All Google apps on iOS do this to try to push Chrome, and yes it’s incredibly annoying. The OS default browser setting exists for a reason.
Fixing the issues with In-app browsers is one of our highest priorities. It’s made complex by what’s possible within the scope of the Digital Markets Act. Your spot on that this is a really important issue.
If you’d like to help out with the effort please get in contact with us (open web advocacy)
Of course it's tough, and regulatory capture[^1] is no accident.

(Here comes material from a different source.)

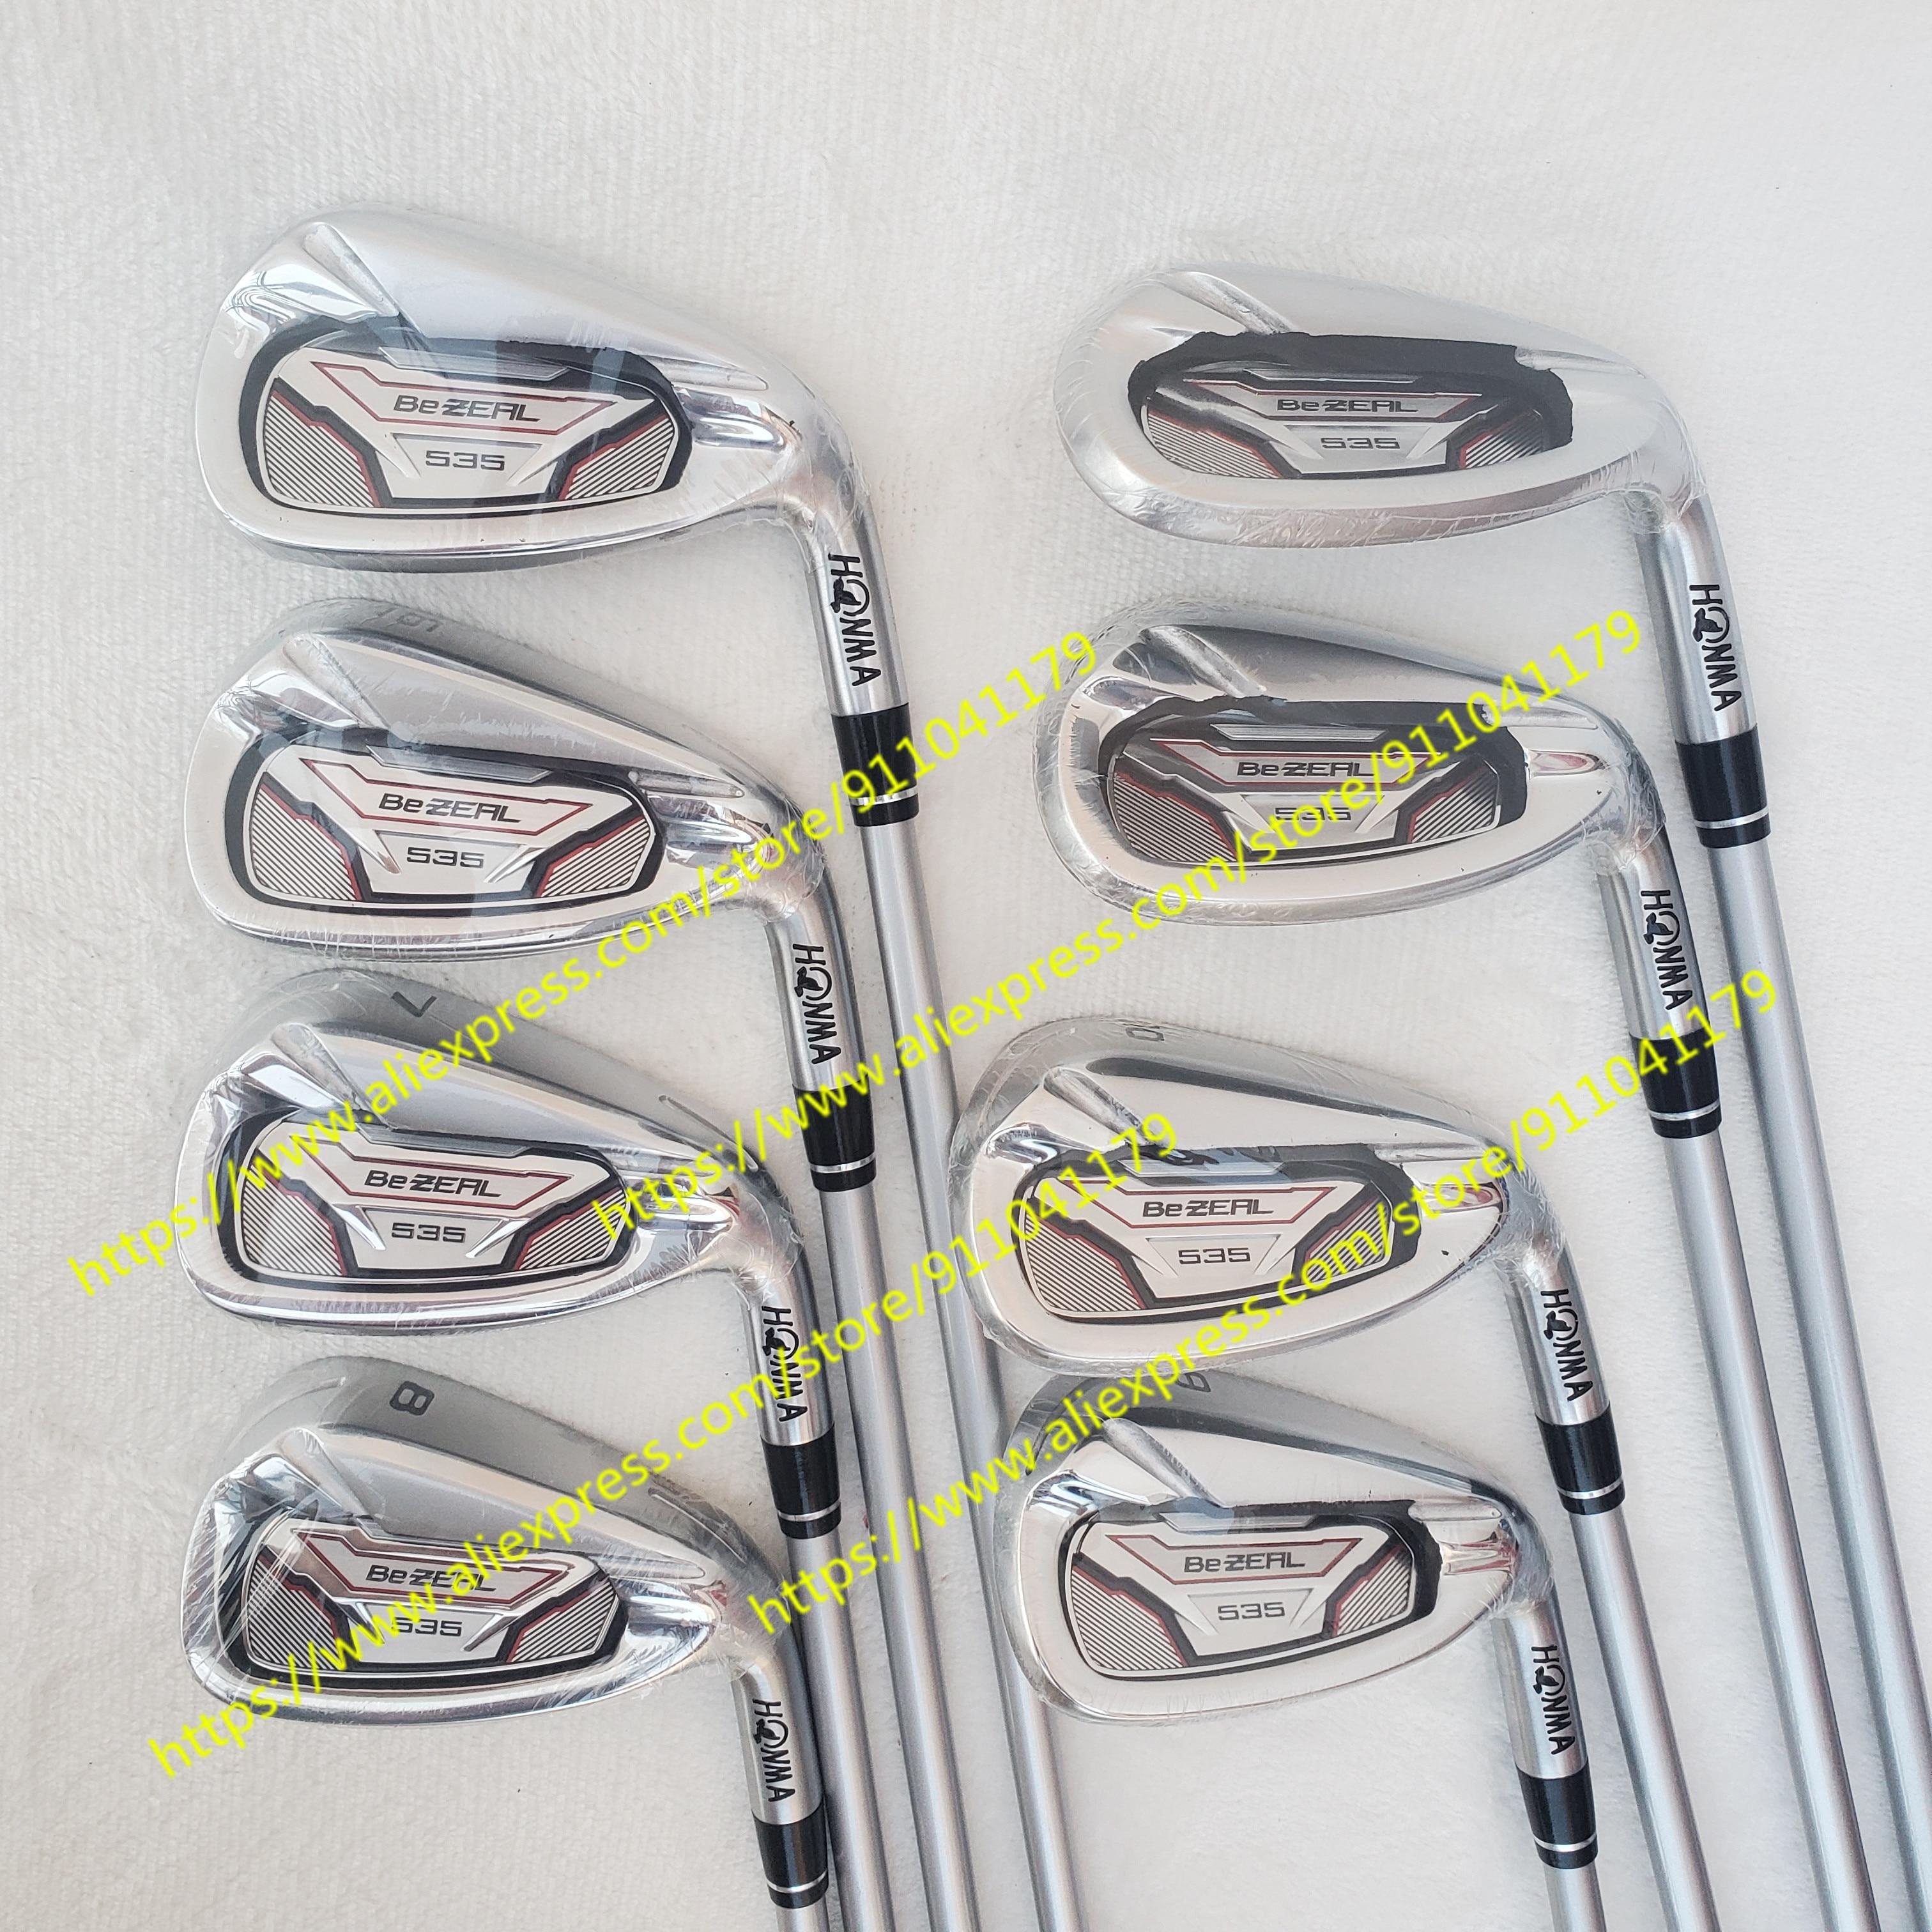 2021 Men Golf irons HONMA BEZEAL 535 Golf irons(Titanium strike surface)HONMA Golf Club

These "consumer protection" acts to "open" markets are written by the consumer exploiting adtech incumbents.
Legislators and media fail to understand the systemic consequences of user-hostile "open" language, so do things like (a) force users to deal with 'must have' apps becoming only available outside of pro-user curation so adtech can exploit them (b) force genuinely user-friendly subscriptions management to be "opened" so billions more dollars can be pulled from user wallets without users realizing or understanding or having the willpower to overcome barriers to cancelling.
The knock-on consequences to device security, performance, reliability, and user privacy, are not understood or discussed, and if understood, would not be wanted by normal users.
This is all beautifully orchestrated by black-is-white named foundations and interest groups funded by surveillance capitalism[^2]. It's dystopian.
[^1]: https://en.wikipedia.org/wiki/Regulatory_capture
[^2]: https://en.wikipedia.org/wiki/Surveillance_capitalism
I was sceptical at first, but the "small whitelist" concept really does provide a clear, fair and easily enforced delineation.
On the other hand, I can’t make Firefox my default browser because my work VPN opens the system browser for logging in, and it only works with edge or chrome. I wish the VPN would just open an edge web view for it’s messed up weird website.
It also breaks many user flows like when a site in an app opens an other app to complete a process. Then there is no way to get back to the site that works in all cases.